Usecase: Consume All Partitions
Overview
A single MessageHubConsumer
operator consumes all messages from a topic regardless of the number of partitions.
Details
Without a partition specification, the operator will consume from all partitions of the topic. The partitions of the subscribed topic are assigned by Kafka, and the operator represents a consumer group with only one member. When no group identifier is specified, the consumer operator will create an identifier. With group management enabled, the operator will automatically be assigned new partitions, when partitions are added to the topic. On the other side, partition de-assignment and re-assignment can happen when
- Group management related timers expire
- The broker node being the group coordinator goes down
- Meta data of the subscribed topic changes, for example the number of partitions
Partition re-assignment makes the consumer replay Kafka messages beginning with last committed offsets.
Note: MessageHub toolkits with version below 3.0 behave different when no group identifier is specified:
With toolkit version below 3.0, the consumer operator self-assignes all partitions of the topic, which are seen at startup. When new partitions are added to the topic, the PE that contains the operator must be restarted to read also added partitions.
Pros and Contras
- Pro: Very simple
- Con: Volume is limited by a single operator reading messages from all partitions
Guaranteed processing
- Consistent region: Supported (periodic and operator driven)
- Checkpointing via
config checkpoint
: Supported, but ignored. The operator does not save any data.
When the operator is used in a consistent region, at least once processing through the Streams application is guaranteed.
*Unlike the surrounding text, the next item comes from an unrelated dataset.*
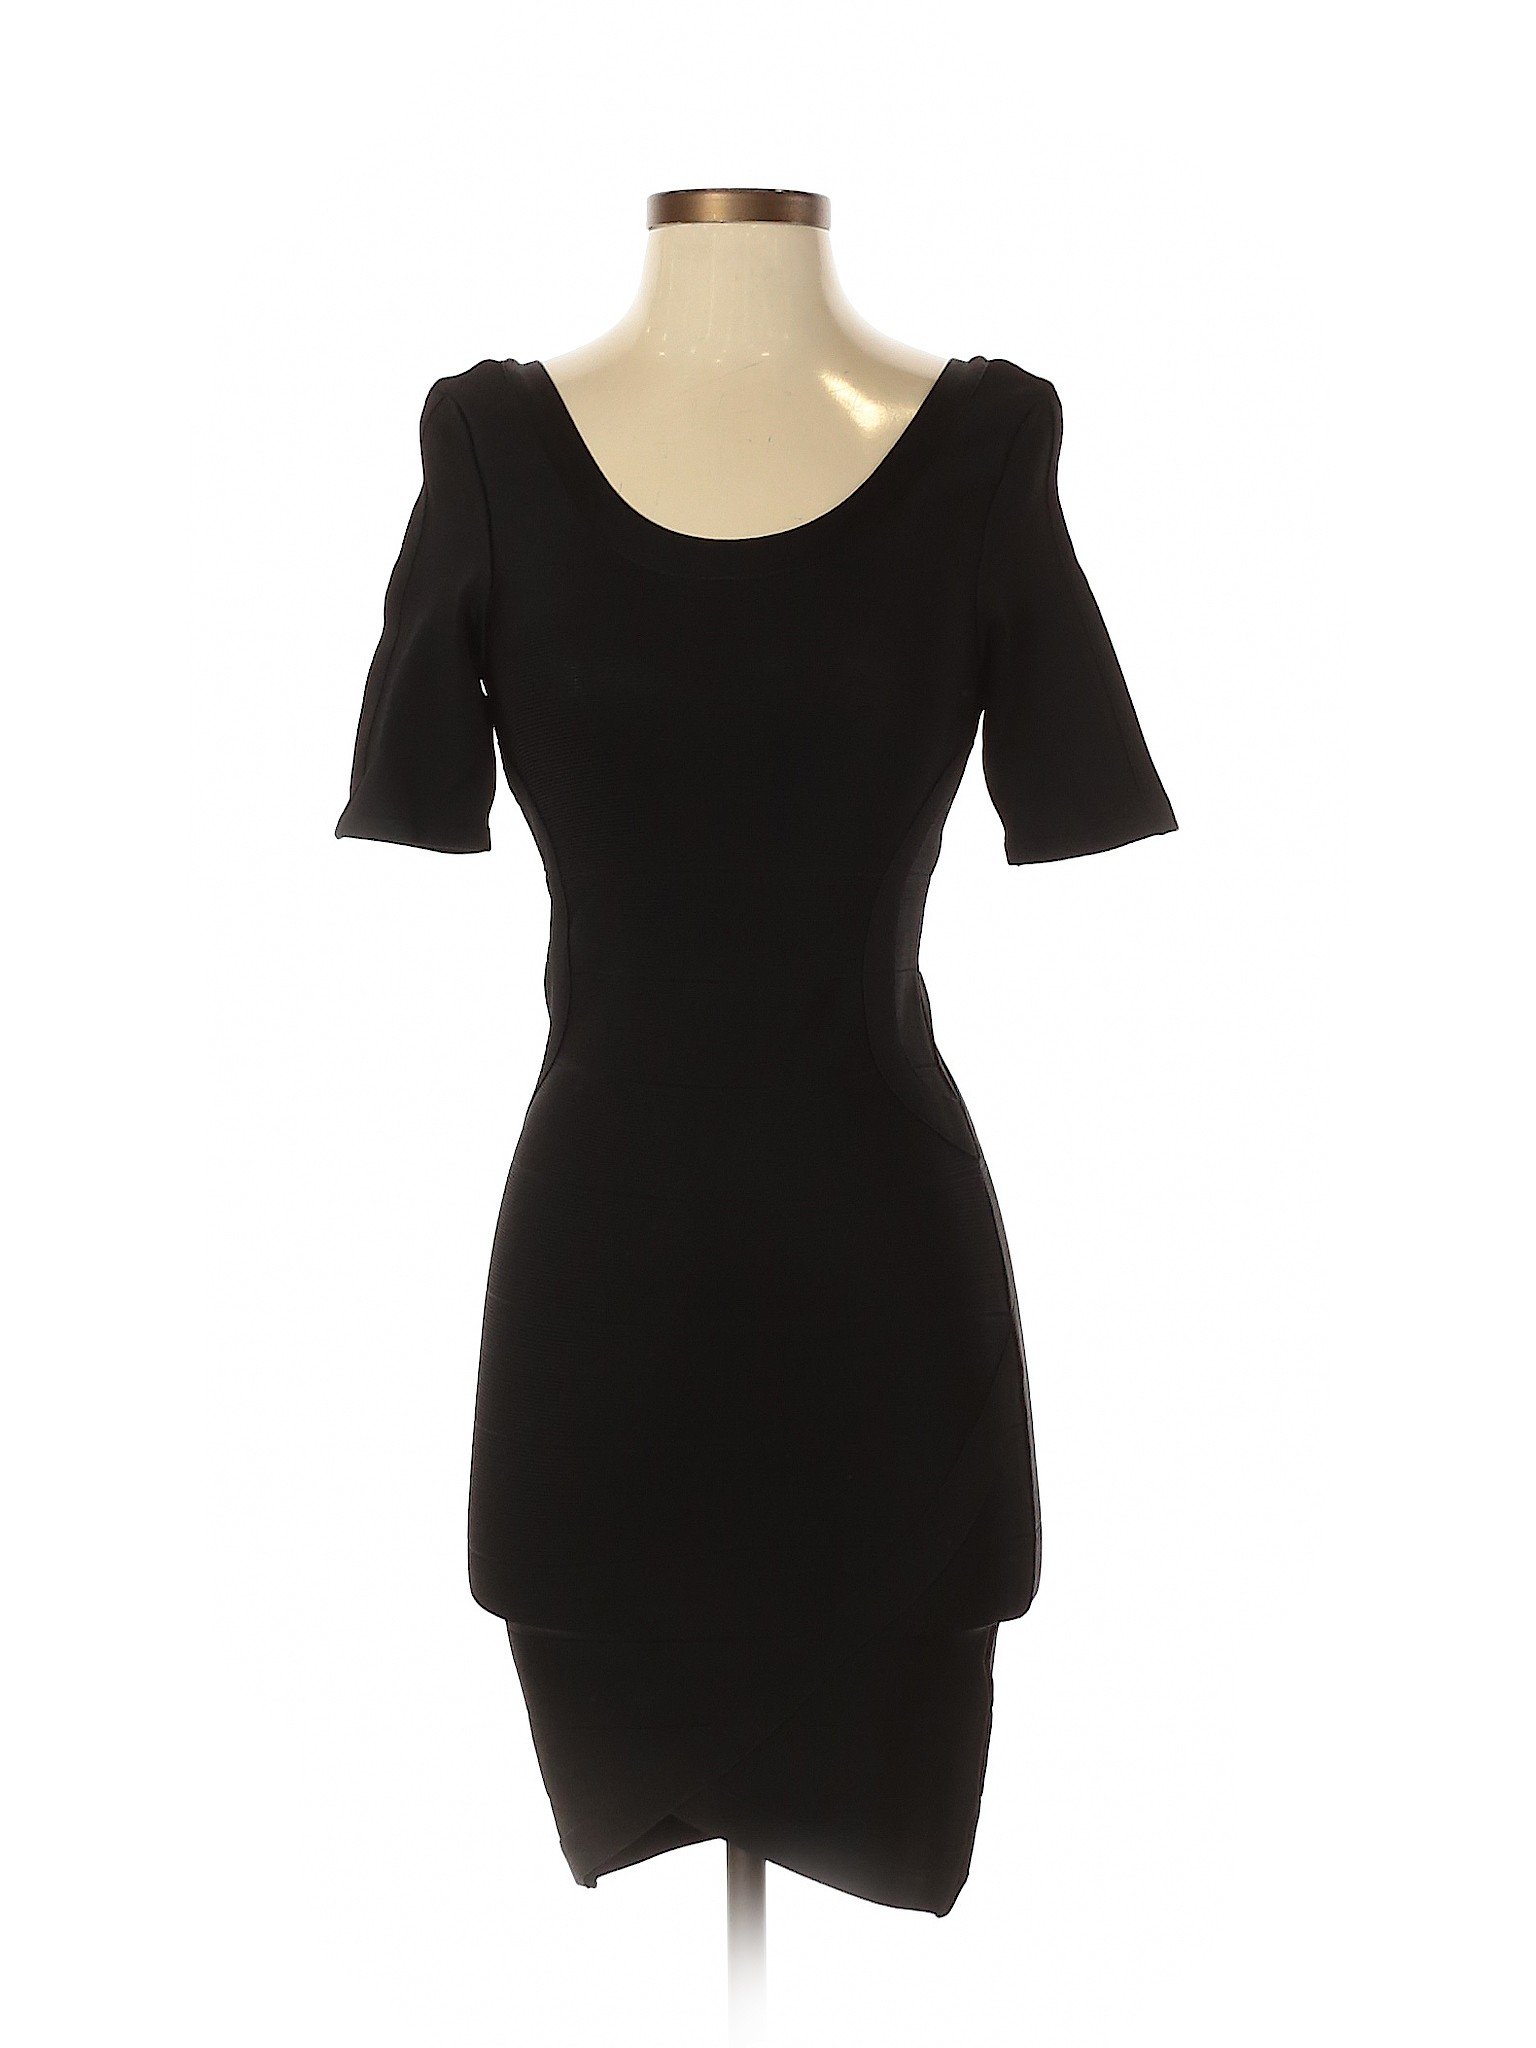 Bebe Women Black Cocktail Dress S | eBay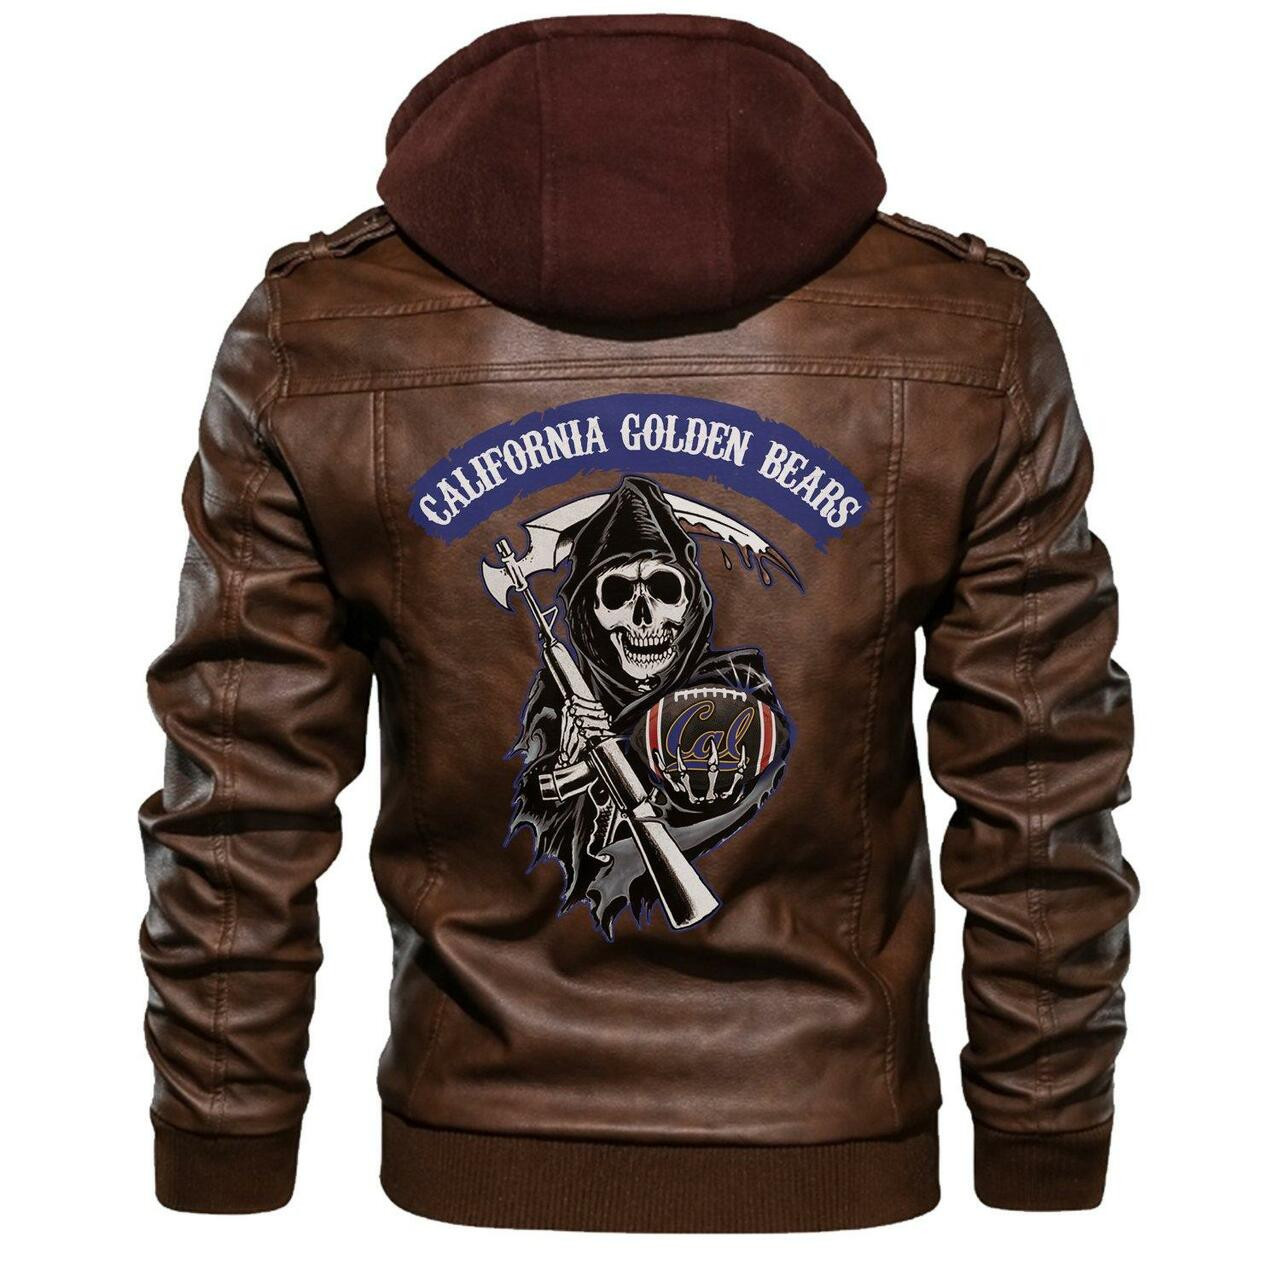 Top leather jacket Sells Best on Techcomshop 55

Without a consistent region, tuples can get lost within the Streams application when a PE restarts.
Operator configuration
No assignment of partitions is configured through the partition operator parameter (partition parameter not used).
Examples
Consume messages without a key
public composite ConsumeAllPartitions {
graph
stream <rstring json> Messages = MessageHubConsumer() {
param
// always specify the app config name when the app config
// contains Kafka properties besides the credentials
appConfigName: "ConsumeEventStreams";
topic: "myTopic";
outputMessageAttributeName: "json";
}
...
}
Consume keyed messages within an operator driven consistent region
public composite ConsumeAllPartitionsCrOperatorDriven {
graph
() as JCP = JobControlPlane() {}
@consistent (trigger = operatorDriven)
stream <rstring json, rstring messageKey> Messages = MessageHubConsumer() {
param
appConfigName: "ConsumeEventStreams";
topic: "myTopic";
outputMessageAttributeName: "json";
outputKeyAttributeName: "messageKey";
triggerCount: 10000; // make the region consistent every 10000 tuples
}
...
}
Consume keyed messages within a periodic consistent region
public composite ConsumeAllPartitionsCrPeriodic {
graph
() as JCP = JobControlPlane() {}
@consistent (trigger = periodic, period = 60.0)
stream <MessageType.StringMessage> Messages = MessageHubConsumer() {
// MessageType.StringMessage is tuple<rstring message, rstring key>
param
appConfigName: "ConsumeEventStreams";
topic: "myTopic";
}
...
}
message
and key
are the default attribute names for the Kafka message and the key. They need not be specified as output attribute names.